__Exercise brief__. Once the pictures are set aside, transcribe the remaining data exactly.

--- Information provided ---

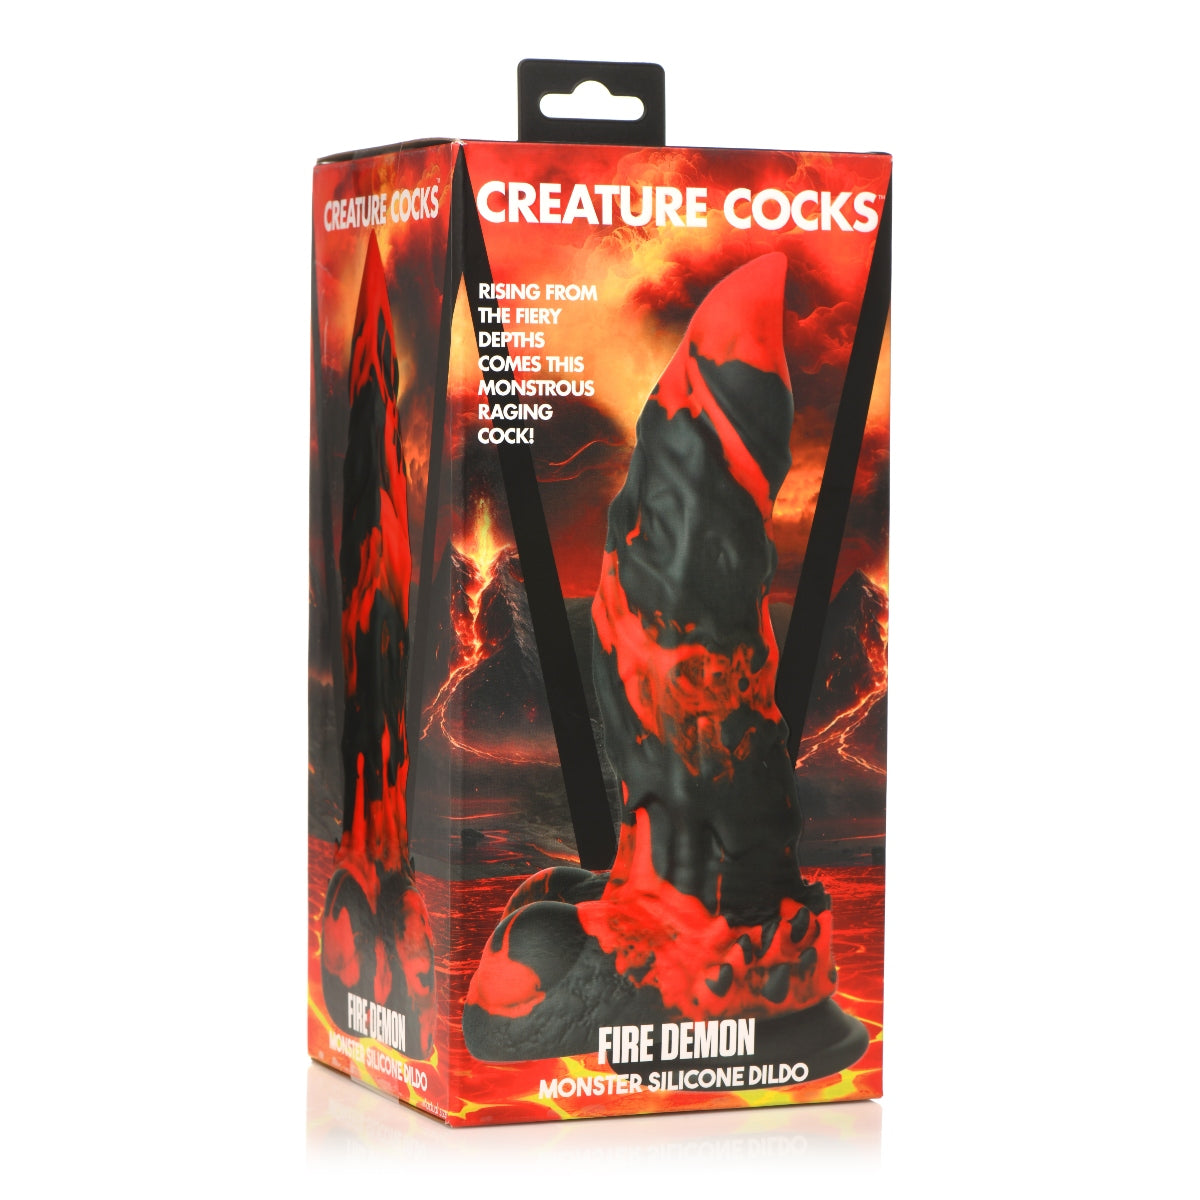 Creature Cocks Fire Demon Monster Silicone Dildo Black Red - Simply Pleasure
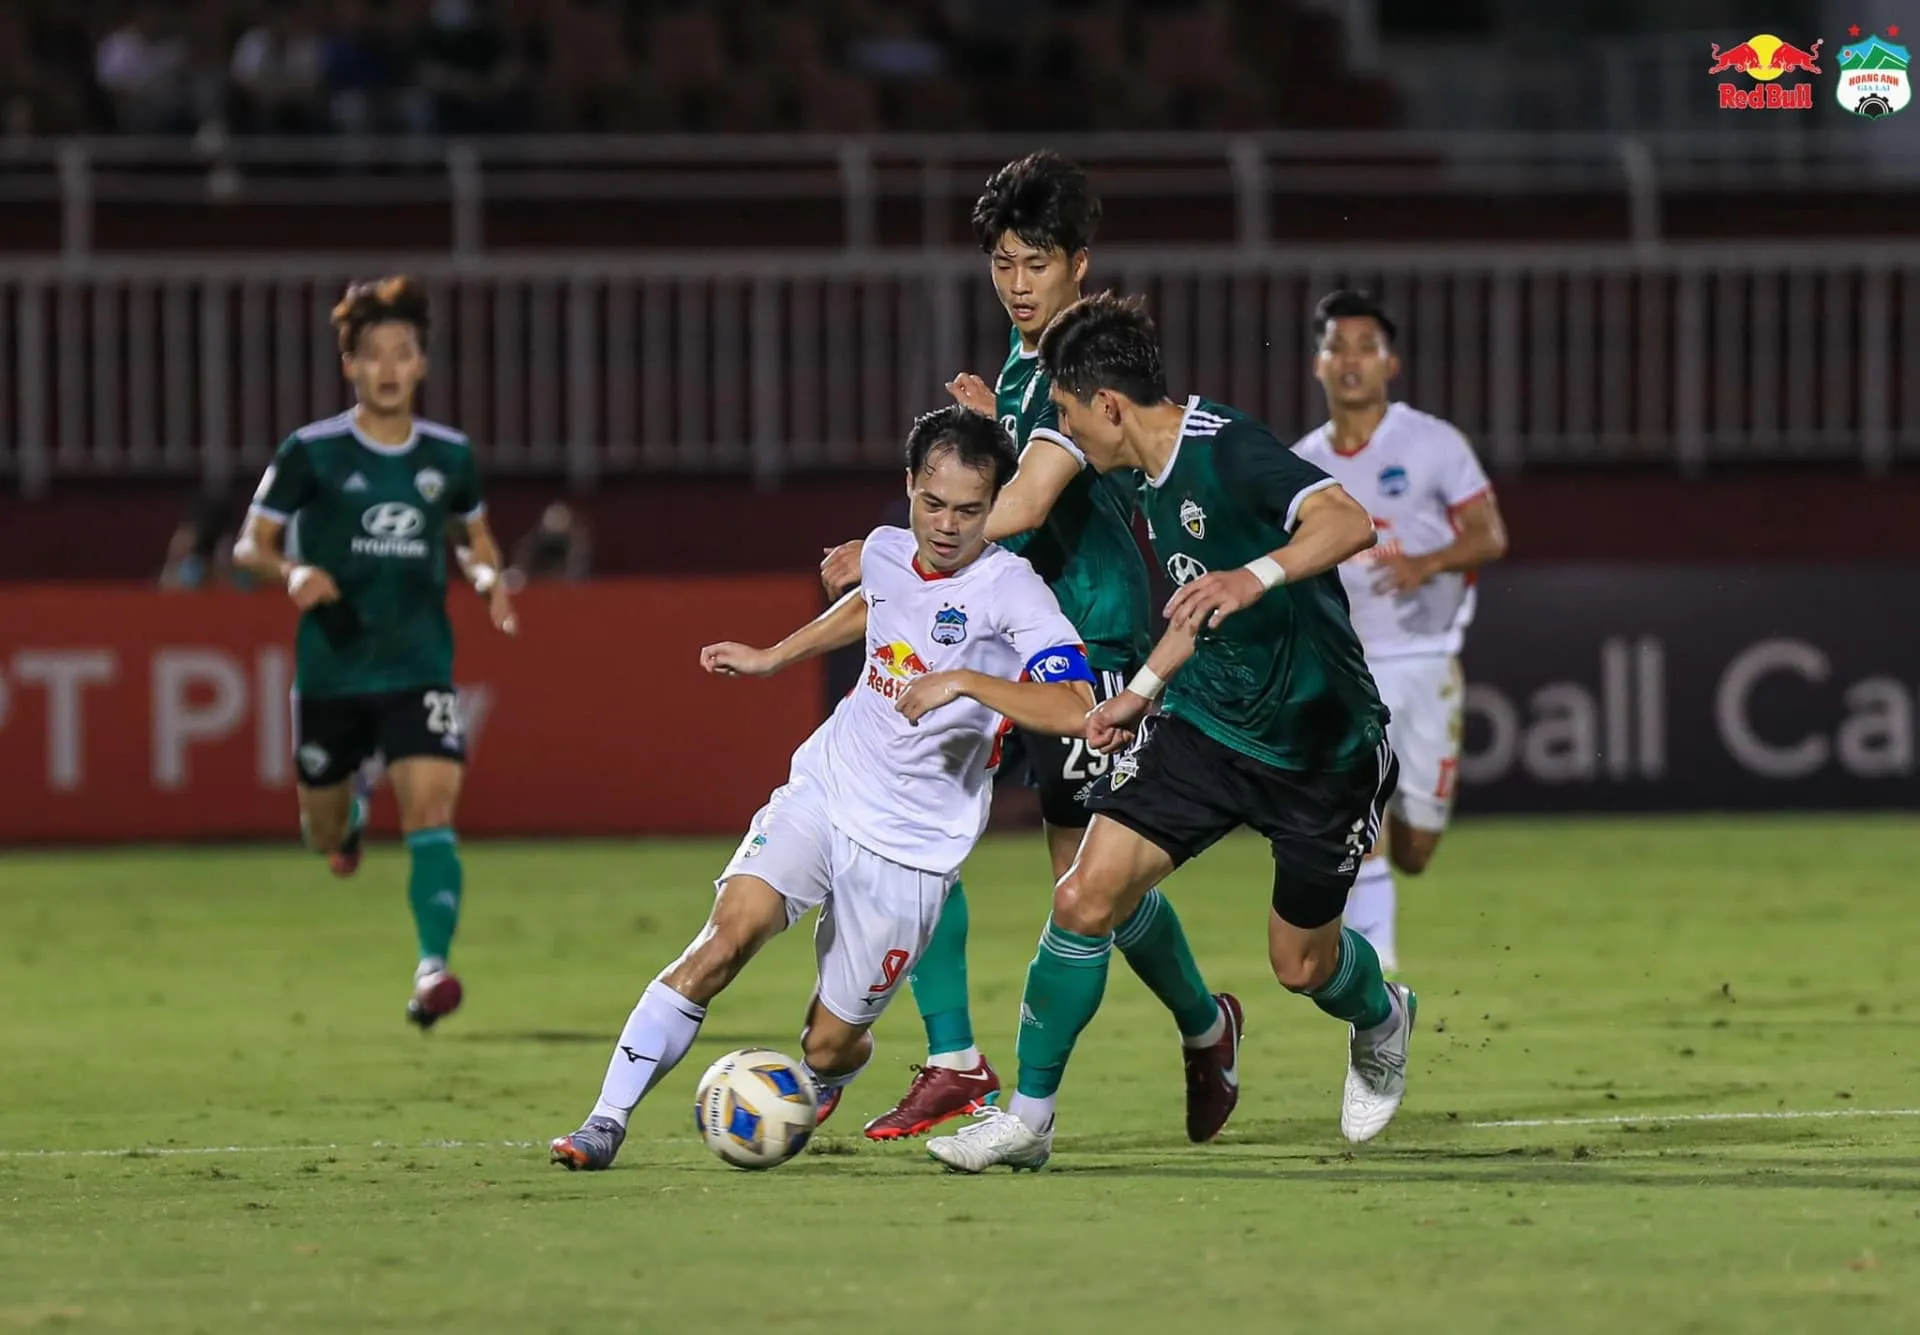 CLB Thái Lan thua đậm đội của Iniesta - Văn Toàn xuất sắc nhất trận gặp Jeonbuk
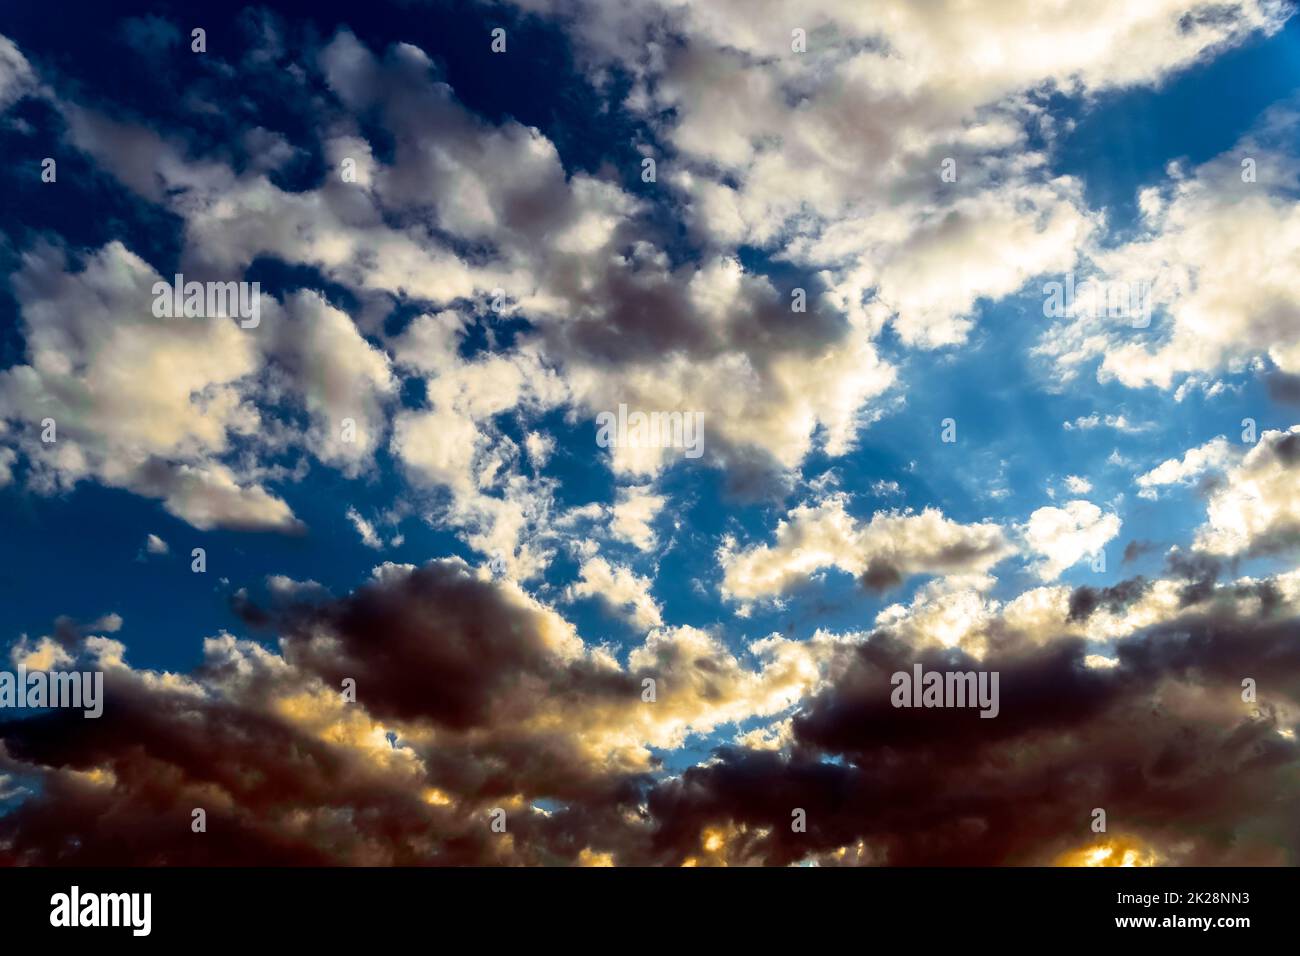 Panoramablick auf den blauen Himmel mit Wolken in Bewegung. Blick auf den blauen Himmel mit Wolken in Bewegung. Schönes Wetter mit klarem Himmel. Himmlisches Licht. Dramatischer Himmel mit Wolken Stockfoto

---

__Response for this exercise__.
 Creature Cocks Fire Demon Monster Silicone Dildo Black Red - Simply Pleasure
 CLB Thái Lan thua đậm đội của Iniesta - Văn Toàn xuất sắc nhất trận gặp Jeonbuk
 Panoramablick auf den blauen Himmel mit Wolken in Bewegung. Blick auf den blauen Himmel mit Wolken in Bewegung. Schönes Wetter mit klarem Himmel. Himmlisches Licht. Dramatischer Himmel mit Wolken Stockfoto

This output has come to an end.